Вместо низкого, серого украинского неба, вместо развороченного бетона и искореженной арматуры он увидел над собой… потолок. Белоснежный, высокий потолок, украшенный изящной, филигранной гипсовой лепниной в виде виноградных лоз. В центре висела массивная хрустальная люстра, играющая гранями в лучах солнца.

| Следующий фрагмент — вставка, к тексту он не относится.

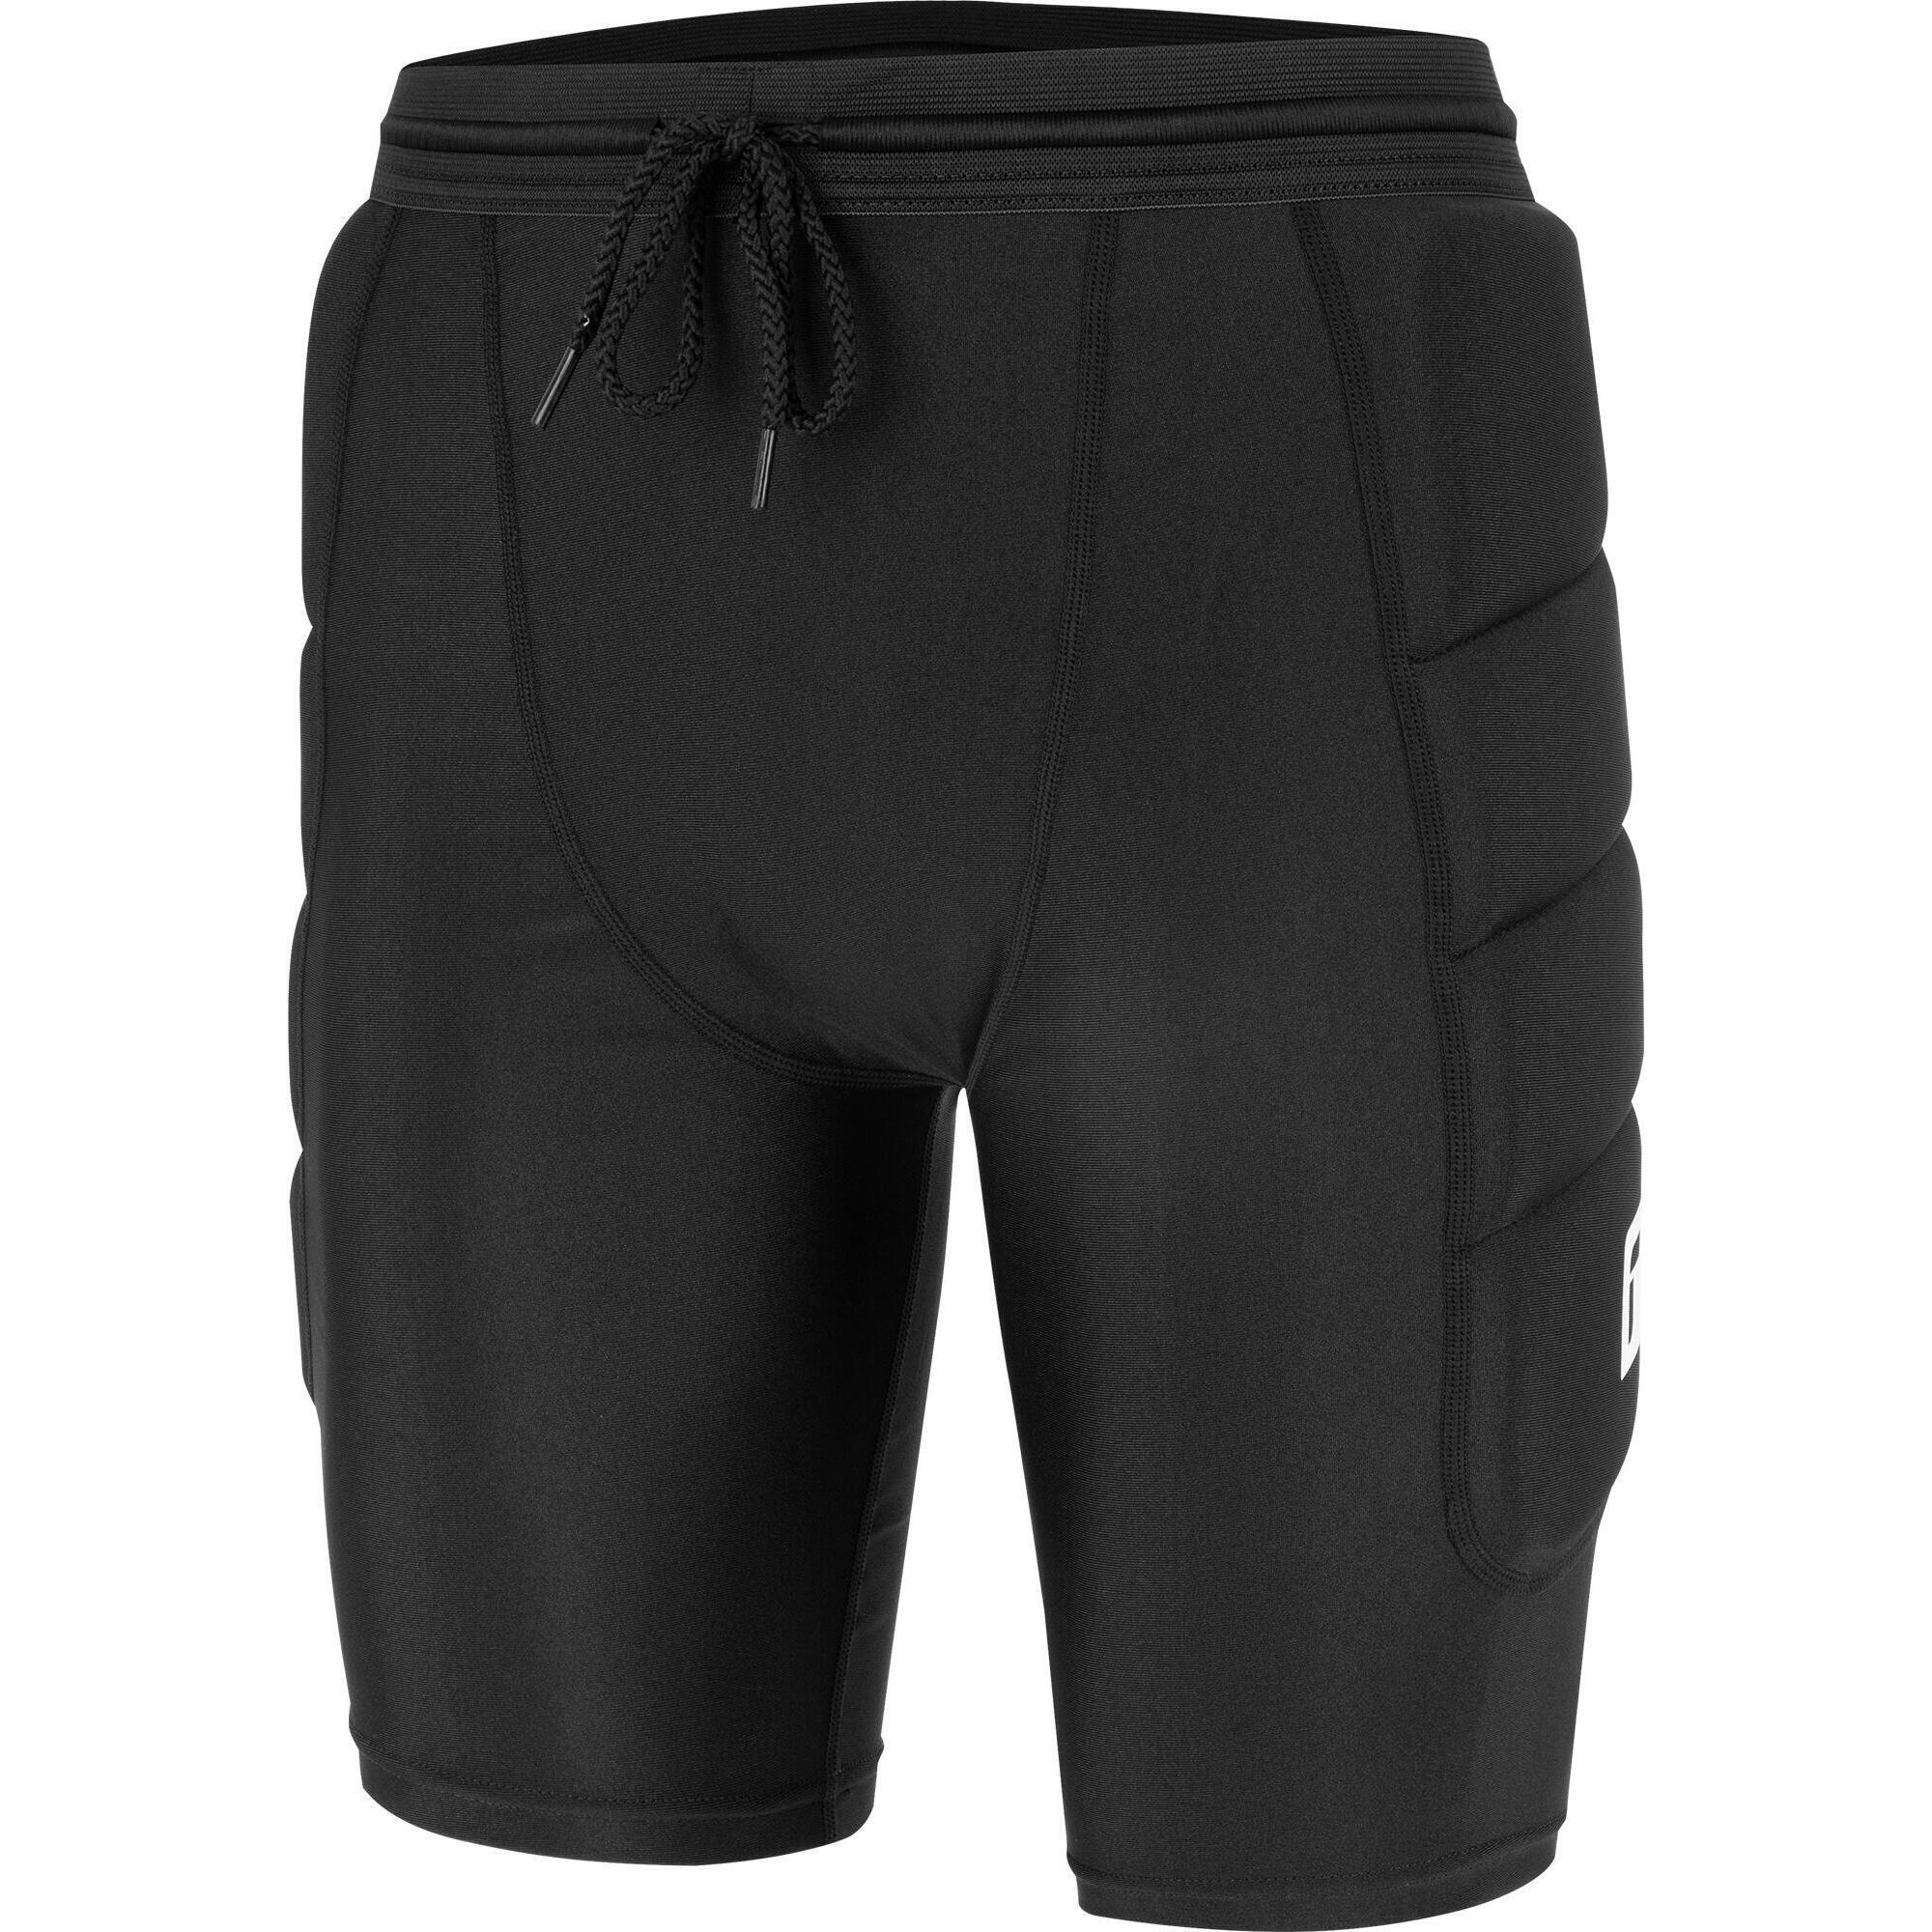 Reusch Goalkeeper Pants Compression Short Soft Padded, черный цена и фото

Новый приступ кашля скрутил его пополам, выгибая спину дугой. Георгий инстинктивно поднес руку ко рту. В ладонь ткнулся не грязный, пропитанный потом и порохом рукав камуфляжа «мох», а тончайший, невесомый батистовый платок, который кто-то заботливо и очень быстро вложил в его дрожащие пальцы. На ослепительно белой ткани стремительно расплылось яркое, пугающе алое пятно.
— Слава Создателю! Очнулись! Доктора, быстрее, ради Христа! — женский голос рядом дрожал от неподдельной паники, смешанной с глубоким облегчением.
Георгий, тяжело дыша через нос, с трудом сфокусировал мутнеющее зрение. Над ним склонилась немолодая женщина. Ее лицо, испещренное мелкой сеточкой морщин, выражало искренний, почти материнский ужас. На ней было строгое, глухое темное платье из плотной шерсти, безукоризненно чистый белый крахмальный воротничок и такой же белый чепец — судя по всему, квалифицированная сиделка или сестра милосердия. В ее выцветших серых глазах стояли крупные слезы.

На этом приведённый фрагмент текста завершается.